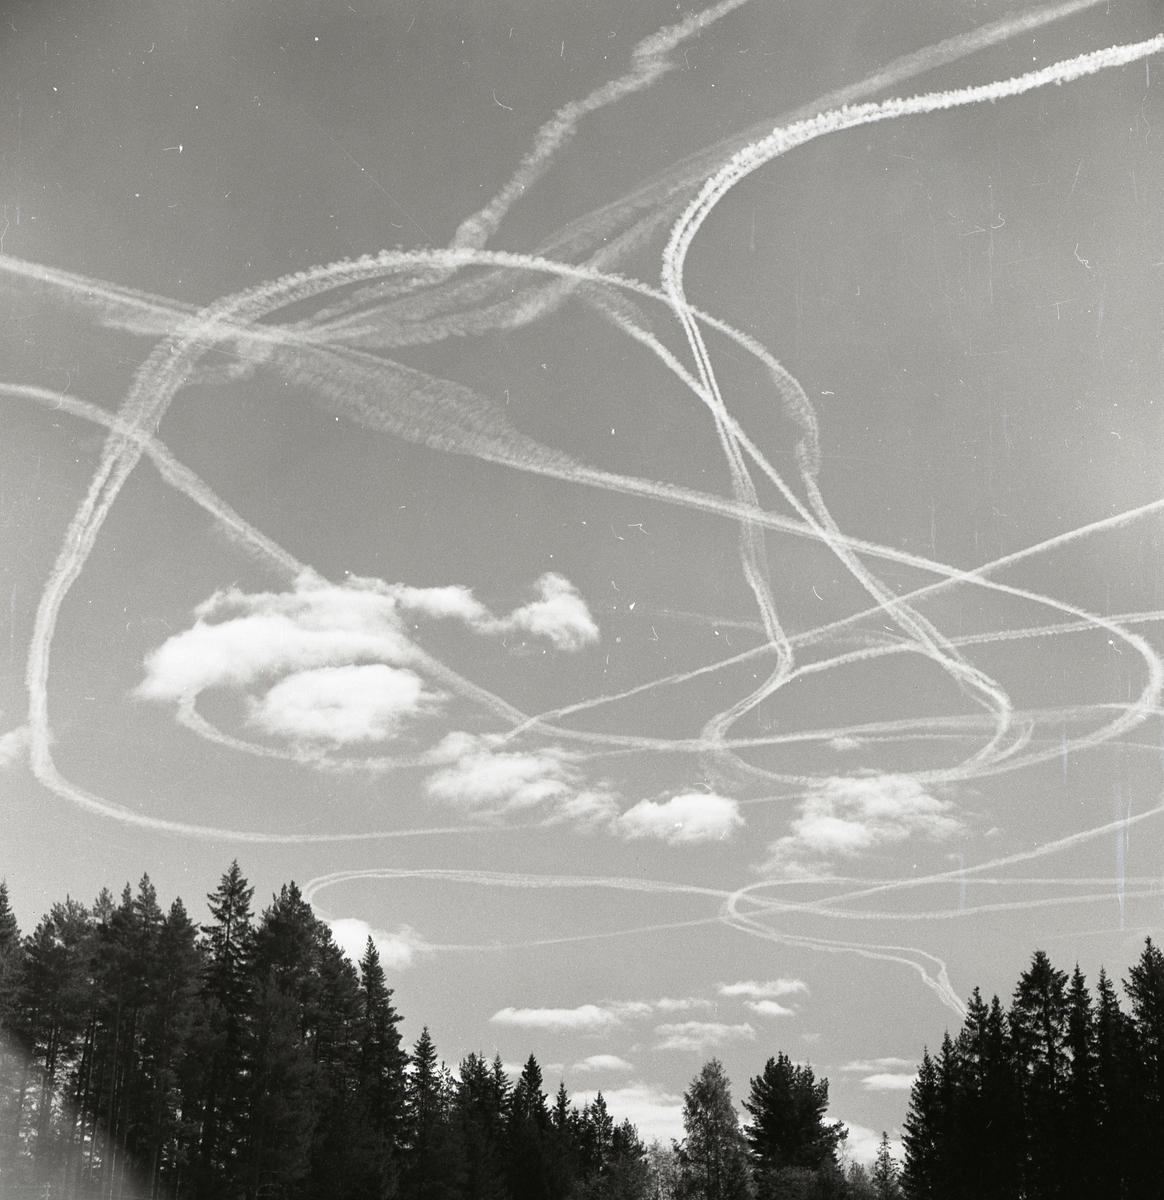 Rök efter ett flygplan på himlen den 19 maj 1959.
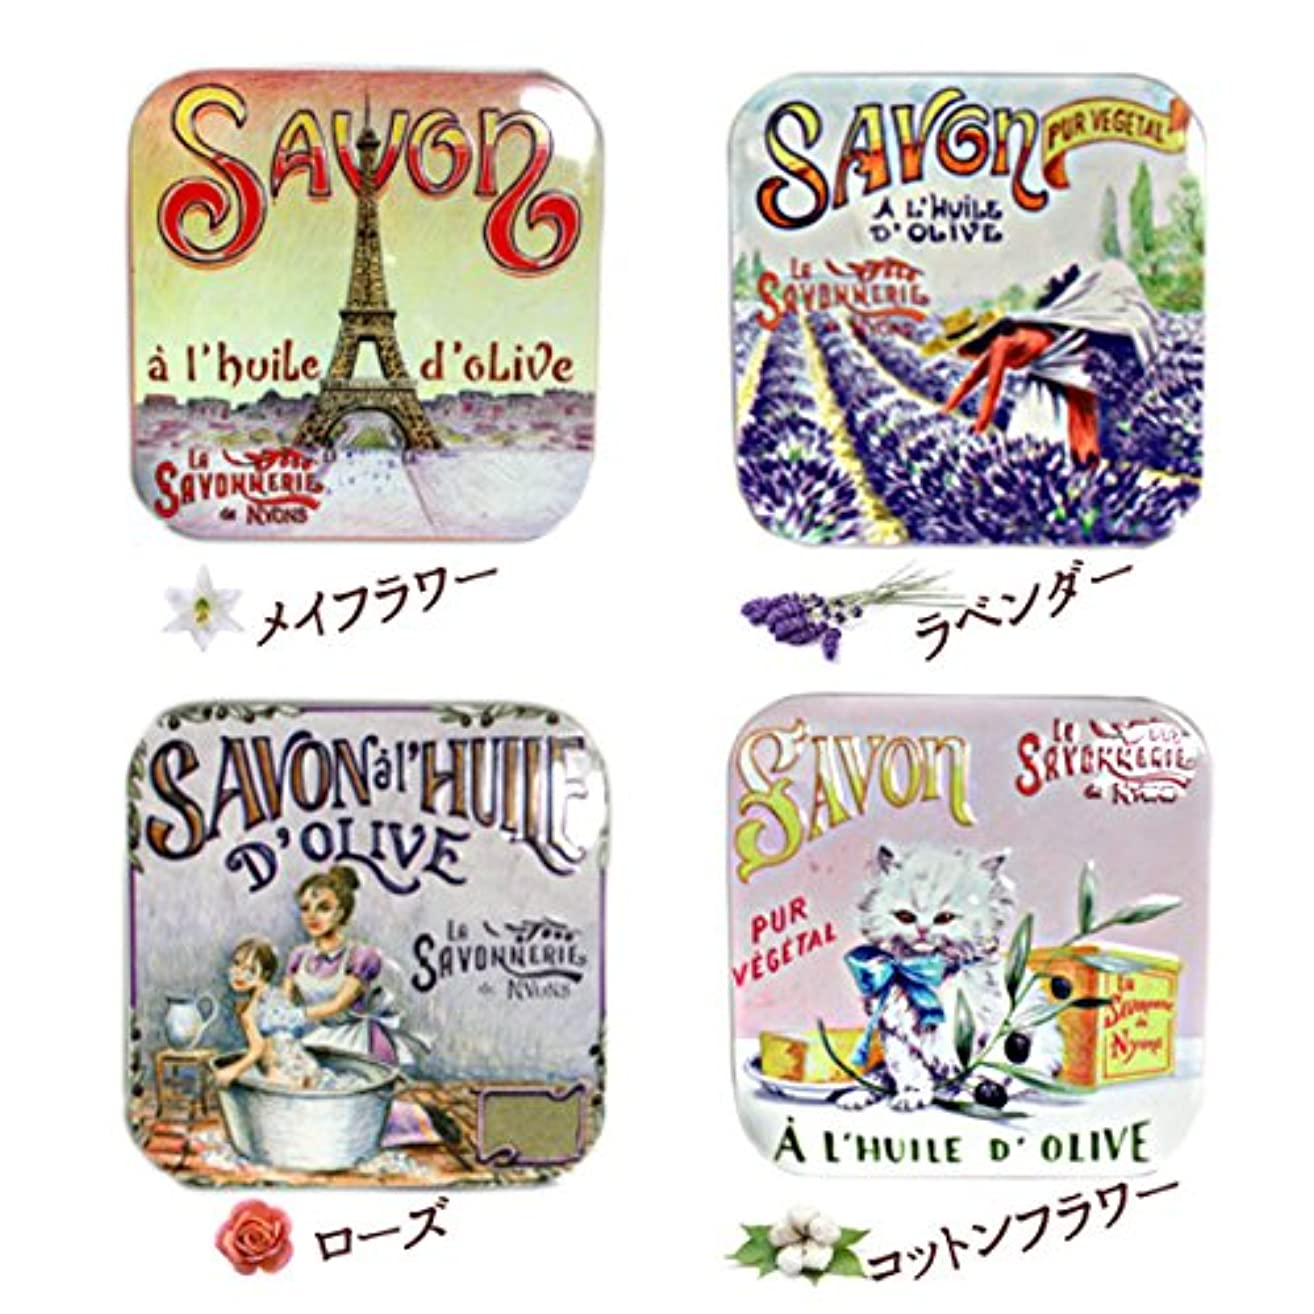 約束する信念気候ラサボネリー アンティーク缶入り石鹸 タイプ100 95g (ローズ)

==

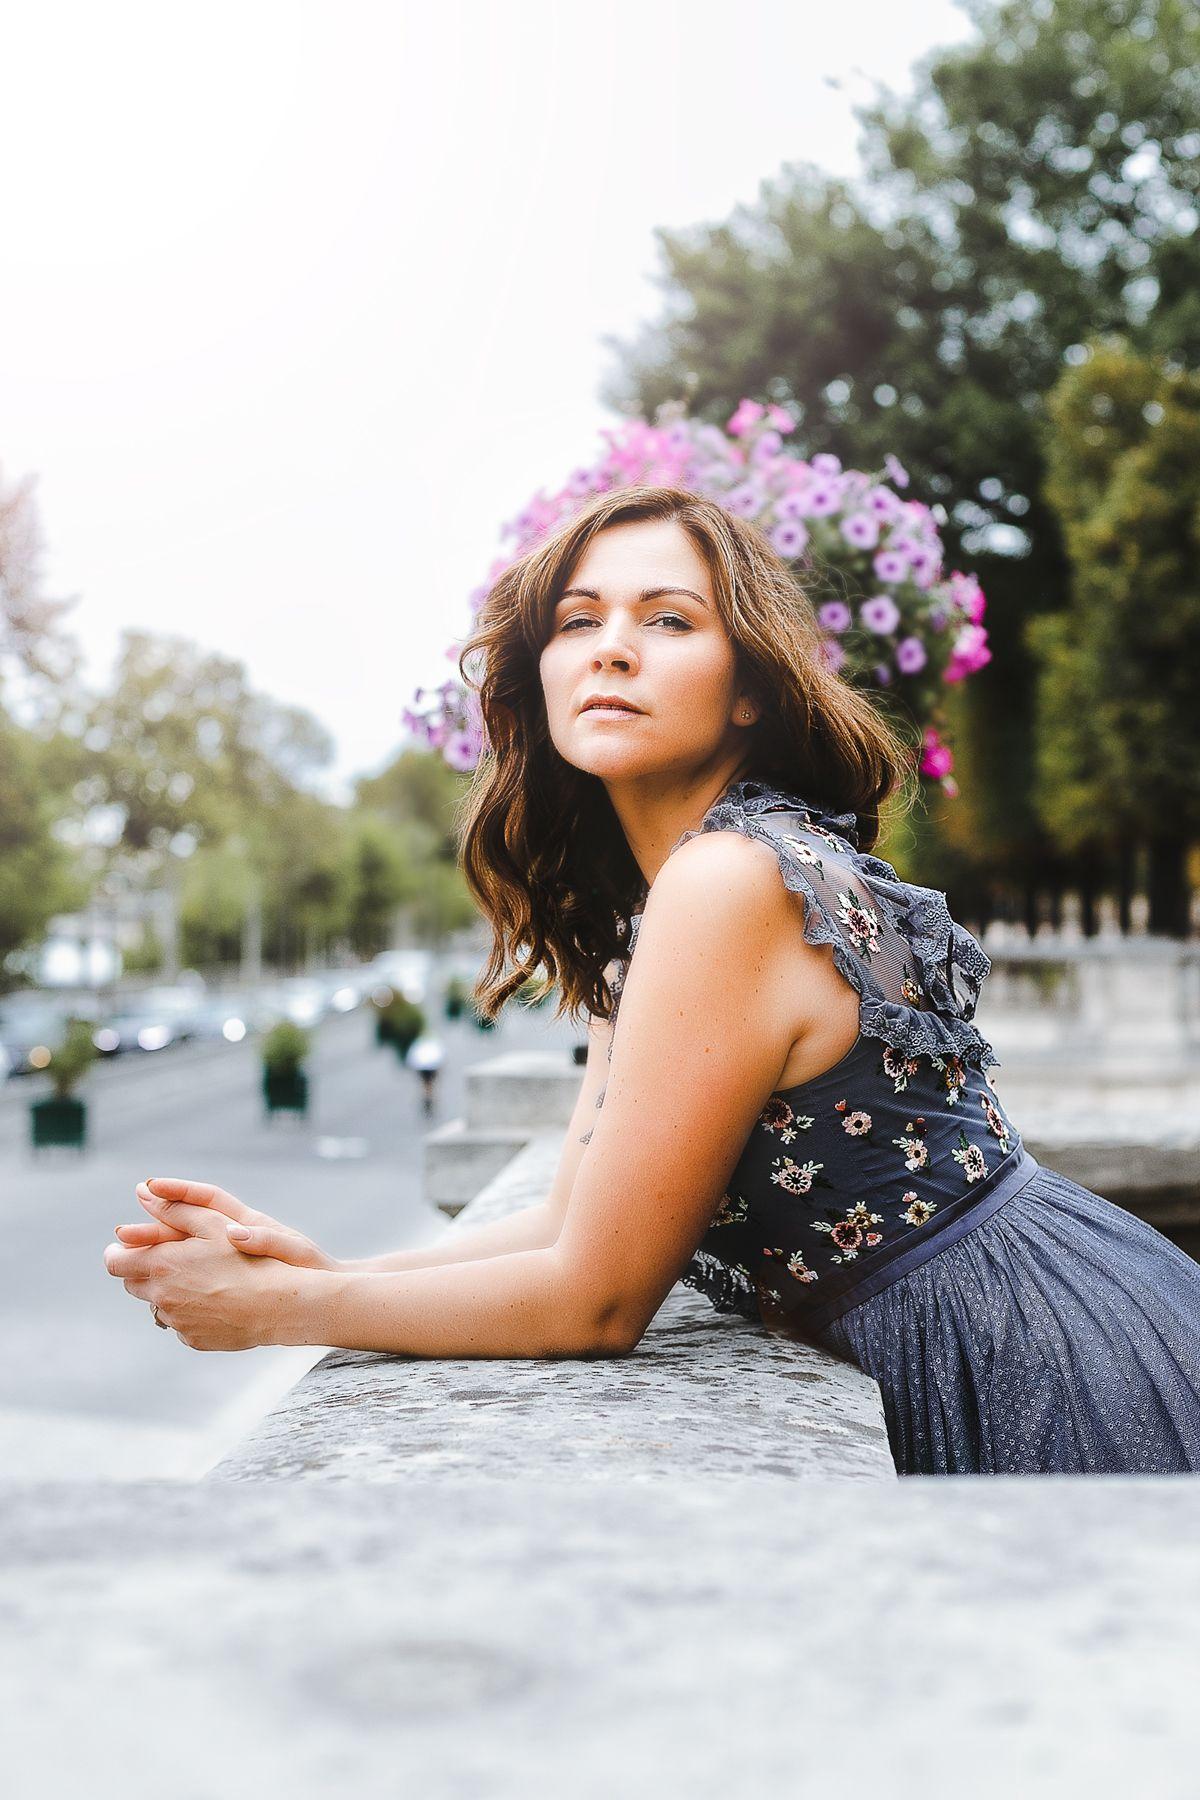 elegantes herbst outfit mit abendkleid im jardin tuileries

● EXERCISE INSTRUCTIONS
Although pictures appear among the records above, write out exactly only the lines from the one that has "Rök efter ett" through the one that has "約束する信念気候ラサボネリー アンティーク缶入り石鹸 タイプ100 95g (ローズ)", and leave the pictures out.

● COMPLETED TASK
 Rök efter ett flygplan på himlen den 19 maj 1959.
 約束する信念気候ラサボネリー アンティーク缶入り石鹸 タイプ100 95g (ローズ)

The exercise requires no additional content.